• _Provided records_:
....

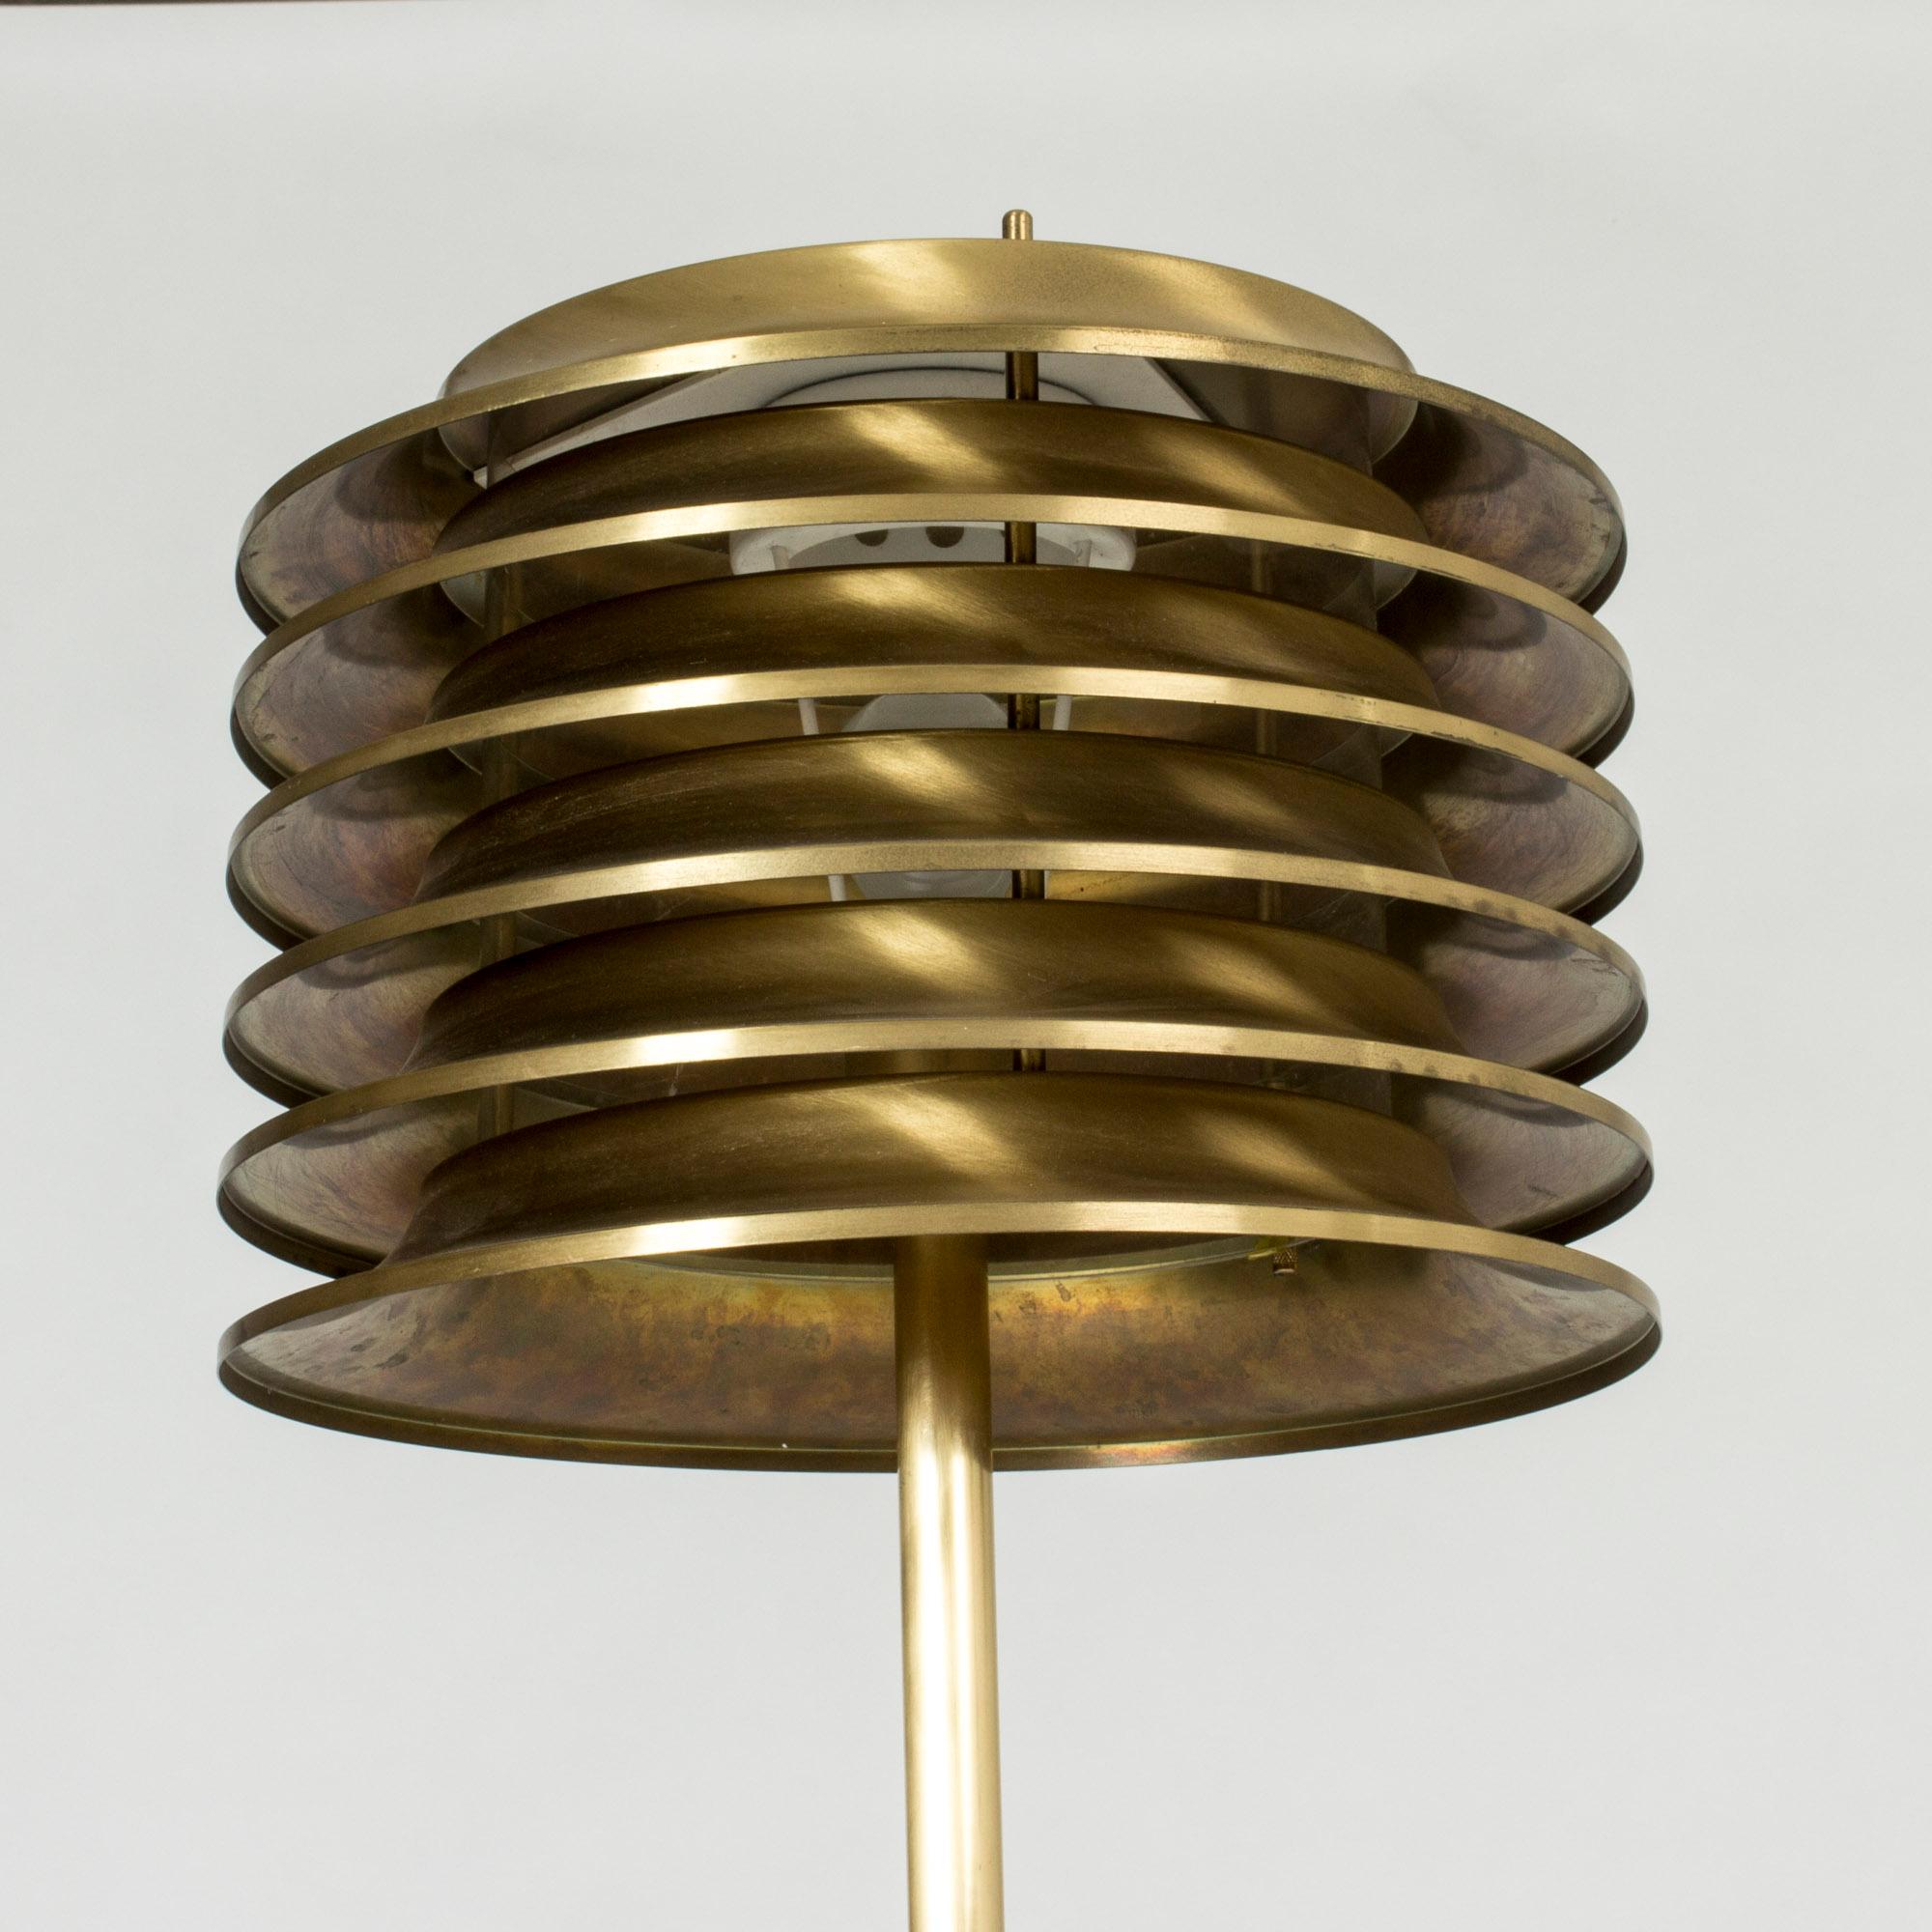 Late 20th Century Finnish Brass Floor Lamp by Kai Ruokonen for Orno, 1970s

....

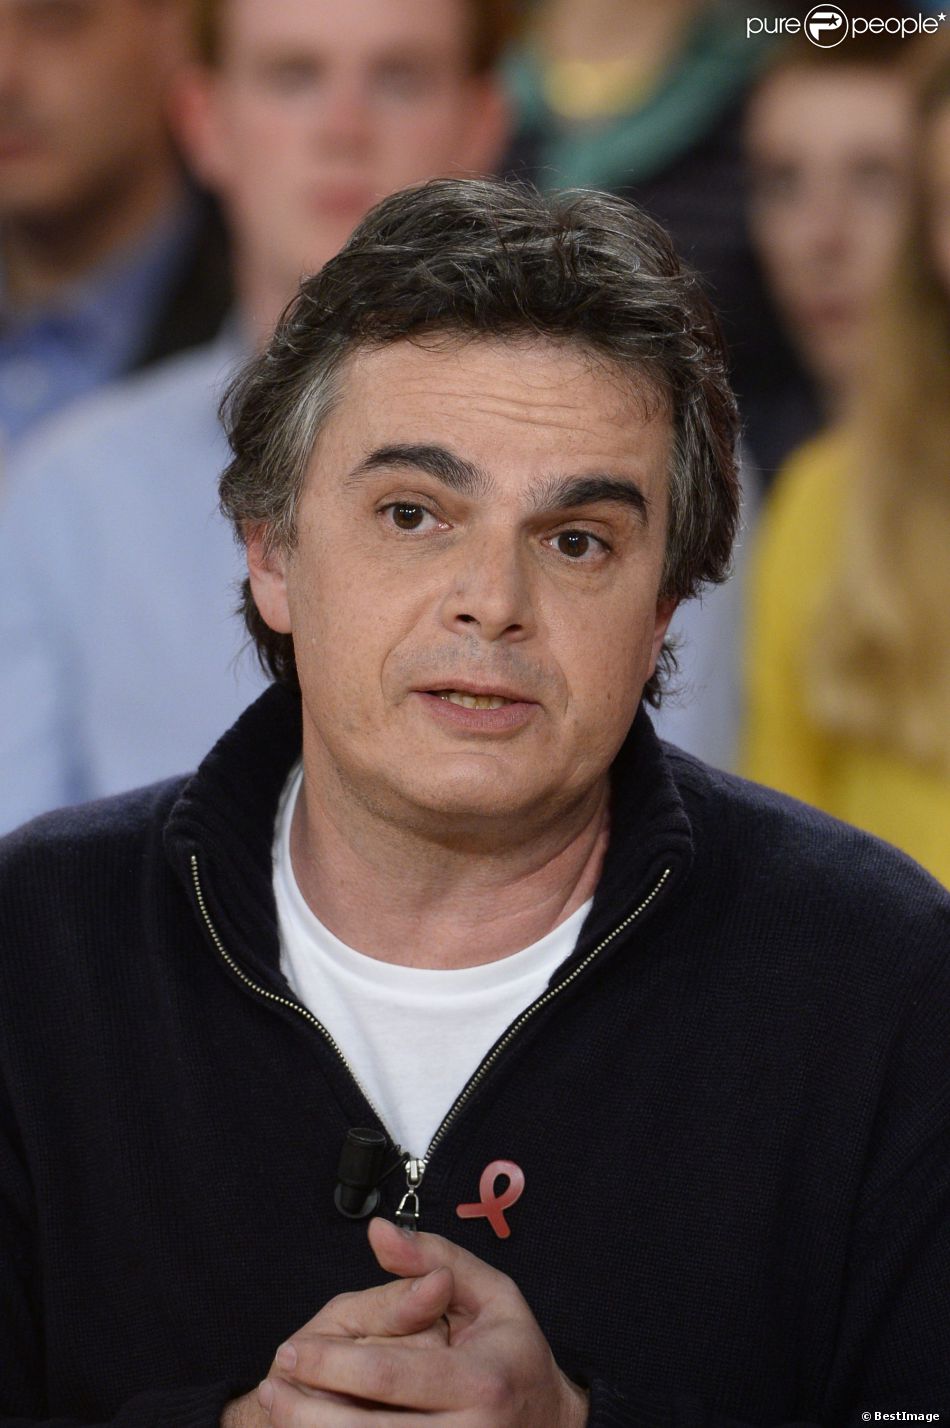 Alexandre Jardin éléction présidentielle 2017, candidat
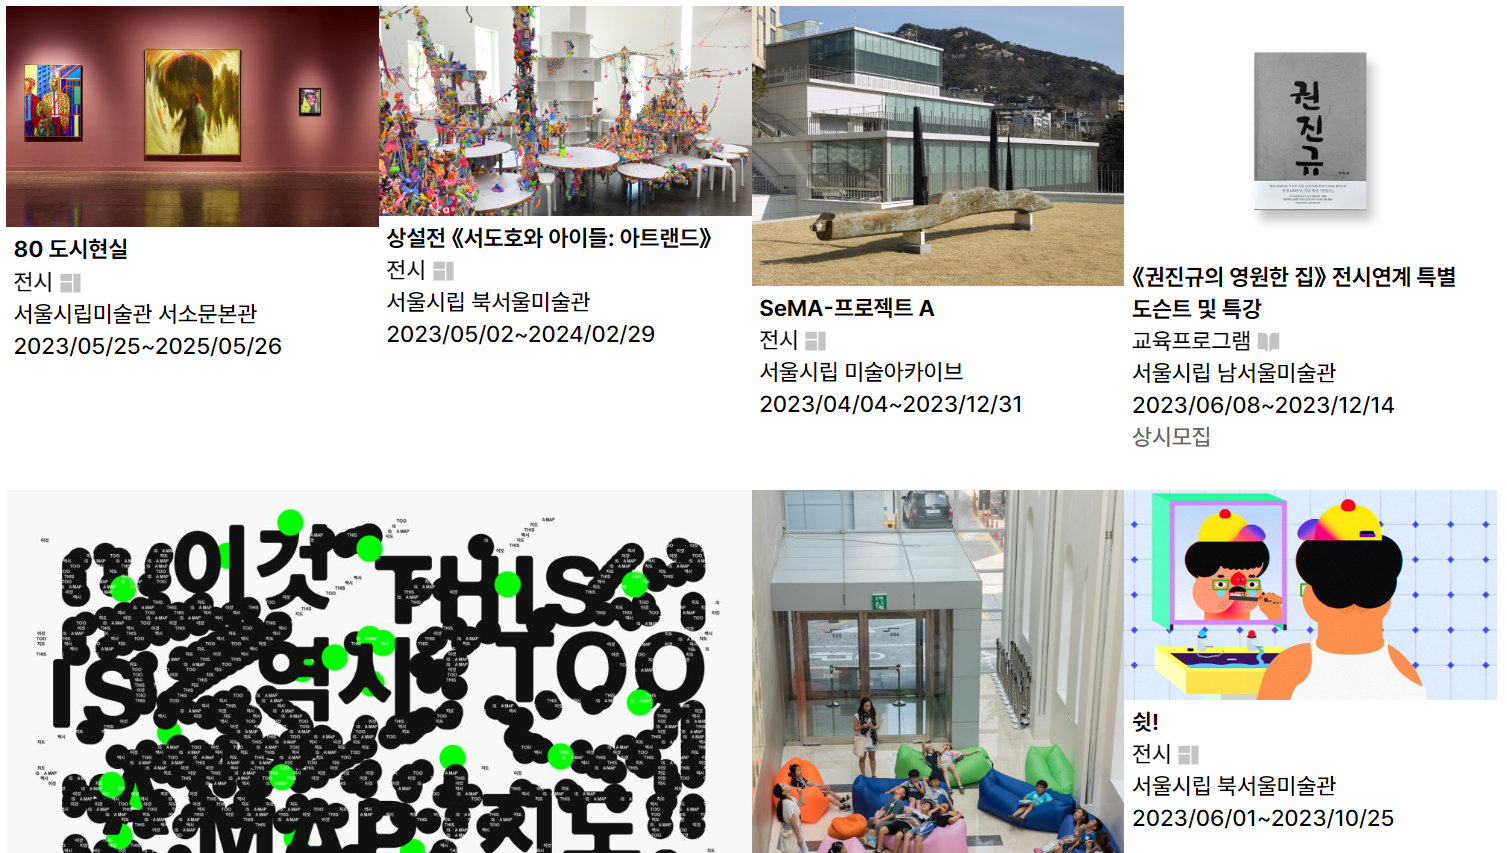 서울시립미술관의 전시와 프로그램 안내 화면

....

Repeat exactly the lines above, from the line that contains "Alexandre Jardin éléction" down through the line that contains "서울시립미술관의 전시와 프로그램 안내 화면". Include both of those lines and none of the pictures.

• _Solved problem_:
 Alexandre Jardin éléction présidentielle 2017, candidat
 서울시립미술관의 전시와 프로그램 안내 화면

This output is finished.